Nontheless year on year the numbers, while slightly better than in previous months, still look horrible. Shipments abroad fell 39.1 percent from a year earlier, after dropping 45.5 percent in March and a record 49.4 percent in February. From a month earlier, exports rose 1.9 percent on a seasonally adjusted basis, a the second straight monthly gain.
Sales to Europe were down 45.4 percent year on year, from 56.1 percent in March, and indeed exports to Europe were up 50 trillion yen (around 10%) on the month.
Shipments to the U.S. fell 46.3 percent last month, down from March’s 51.4 percent decline, but month on month they were stationary, with the declining annual decrease due entirely to what are known as base effects.
Shipments to China, which is now Japan’s biggest trade partner, fell 25.8 percent in April from a year earlier. The rate of decline thus fell for a third straight month, suggesting Beijing’s $585 billion stimulus package is having an effect, at least as far as Japan exports go. Month on month exports to China we more or less stationary, but they are up around 60% from January's low point.
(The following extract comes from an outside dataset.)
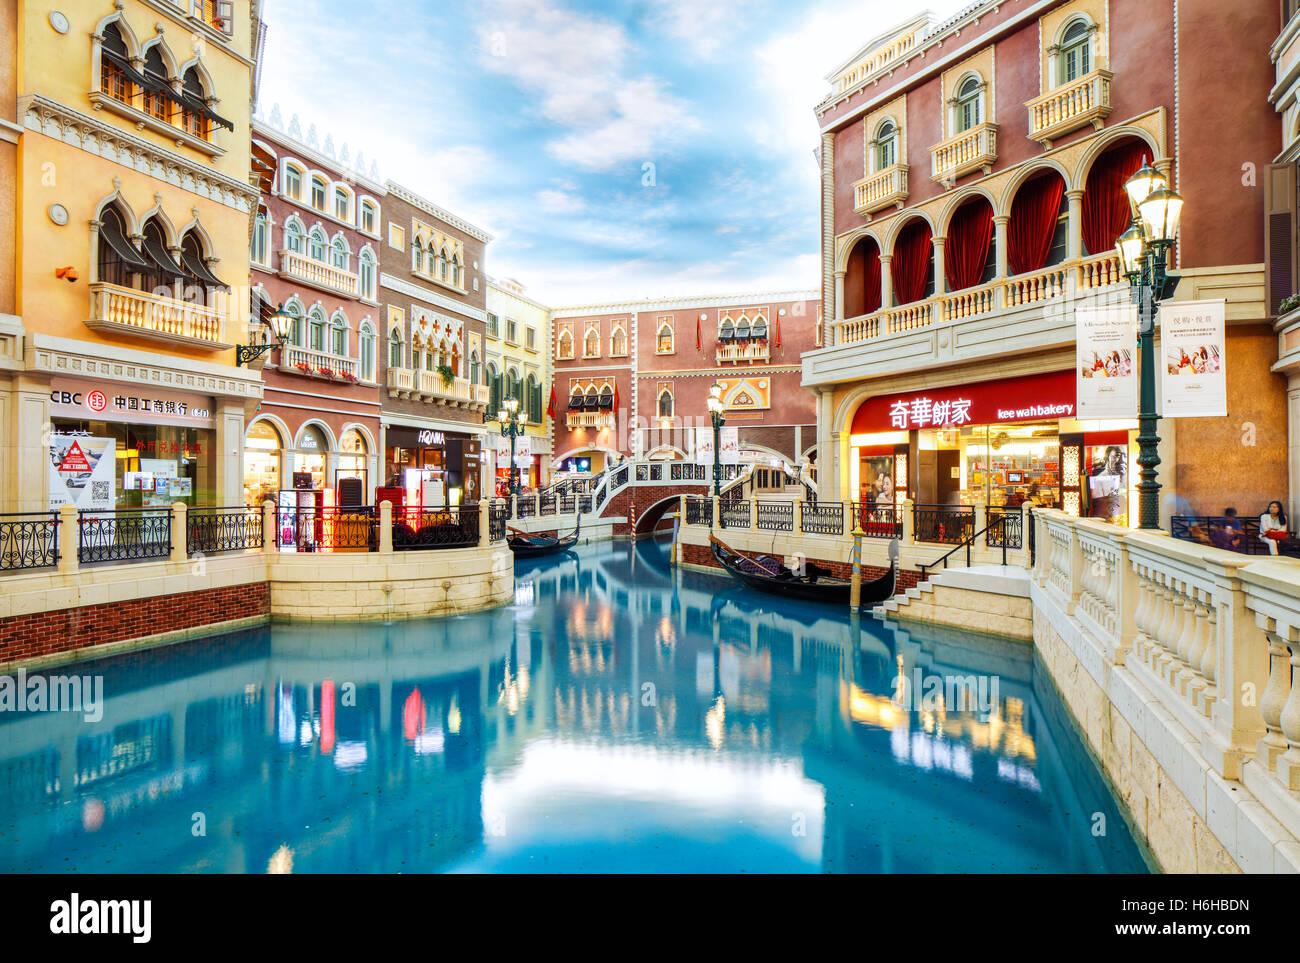 Le Grand Canal Shoppes à l'intérieur de l'hôtel vénitien, Cotai, Macao. Photo Stock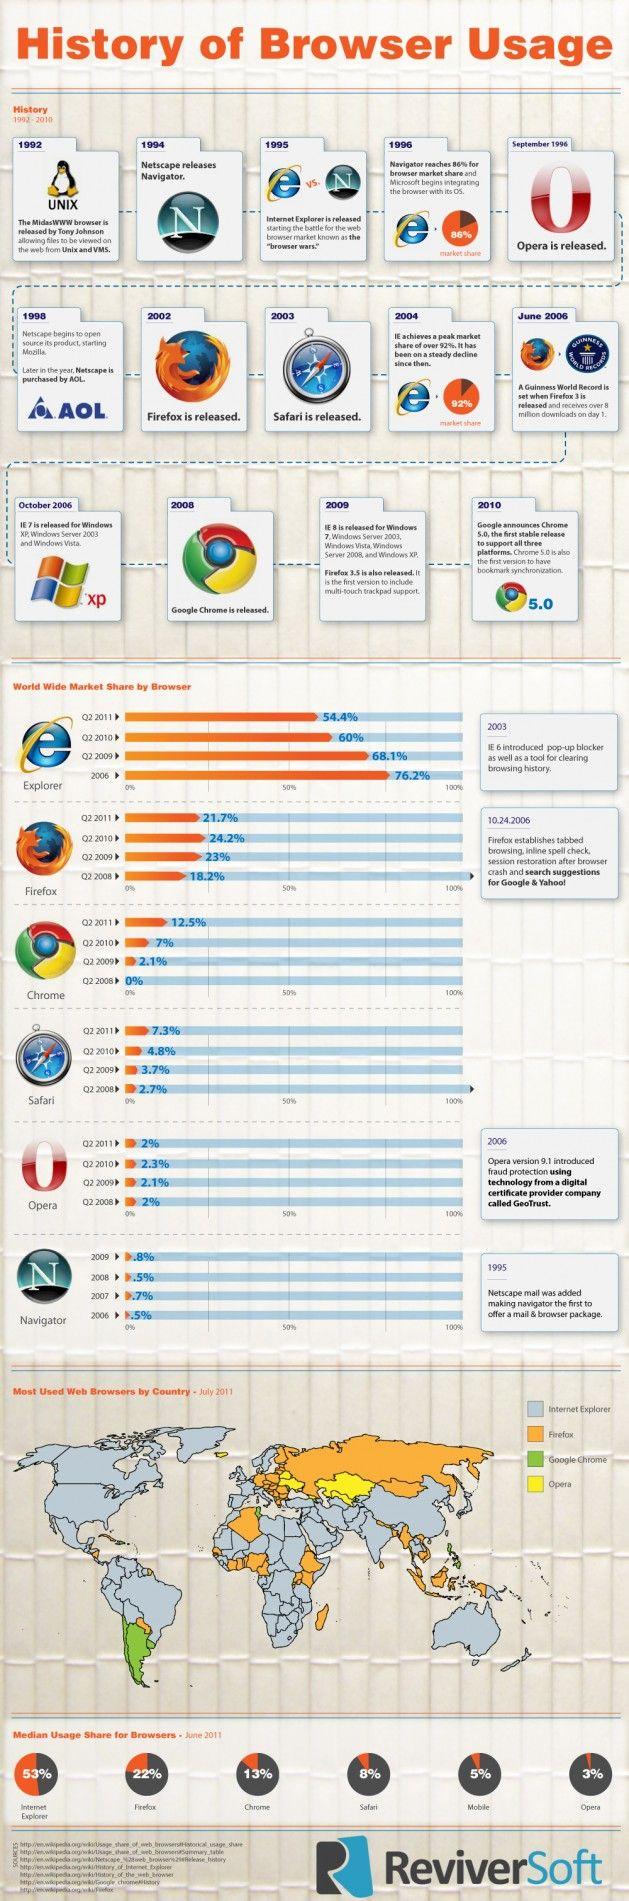 HistoryofBrowserUsage e1323790304872 La historia de los navegadores web, 19 años (INFOGRAFIA)

In fact shipments to China are now about a third larger than those to the US, and 40% larger than those to the EU.
Among shipments to China, the Finance Ministry singled out chemicals used to make plastics, mobile phones and digital cameras as actually rising in April from a year.
While there is no doubt that sentiment has begun to improve in Japan’s largest Western markets, it is far from clear that global demand will recover at this point enough to allow Japanese companies to go beyond restocking after a heavy run-down of inventories. And like Japan, China’s economy is driven mostly by exports, so unless we see a stable pickup in global demand recovery there will remain limited. And with US financial markets now funding a large chunk of the carry trade, the yen seems trapped around 95 to the dollar as far ahead as we can see. And all of this, of course, bodes ill for Japanese companies.
Export performance across Asia has been mixed recently. Shipments abroad fell at a slower pace in Taiwan and South Korea last month from March, but both Singapore and China suffered larger drops. Two quarters of record contractions in GDP have now shrunk the Japanese economy to around the 2003 level. Even as declines in overseas shipments moderate, Japan is exporting little more than half as much as last year and producing a third less. And the recession is now spreading to consumers as companies fire workers and cut wages to minimize losses.
Nonetheless Bank of Japan Governor Shirakawa is putting on a brave face, and said this week that the economy may return to growth in the current quarter, although he immediately qualified this by underlining that any recovery will “inevitably be mild.” At their April 30 meeting, a few Bank of Japan board members even went so far as to say that additional policy measures weren’t necessary amid the signs that the economy will recover, albeit gradually and after “some time,” according to the minutes released last week. Since the Bank of Japan has got a track record of underestimating the severity of the recessions which have struck since 1992 let's just hope that history isn't repeating itself again this time.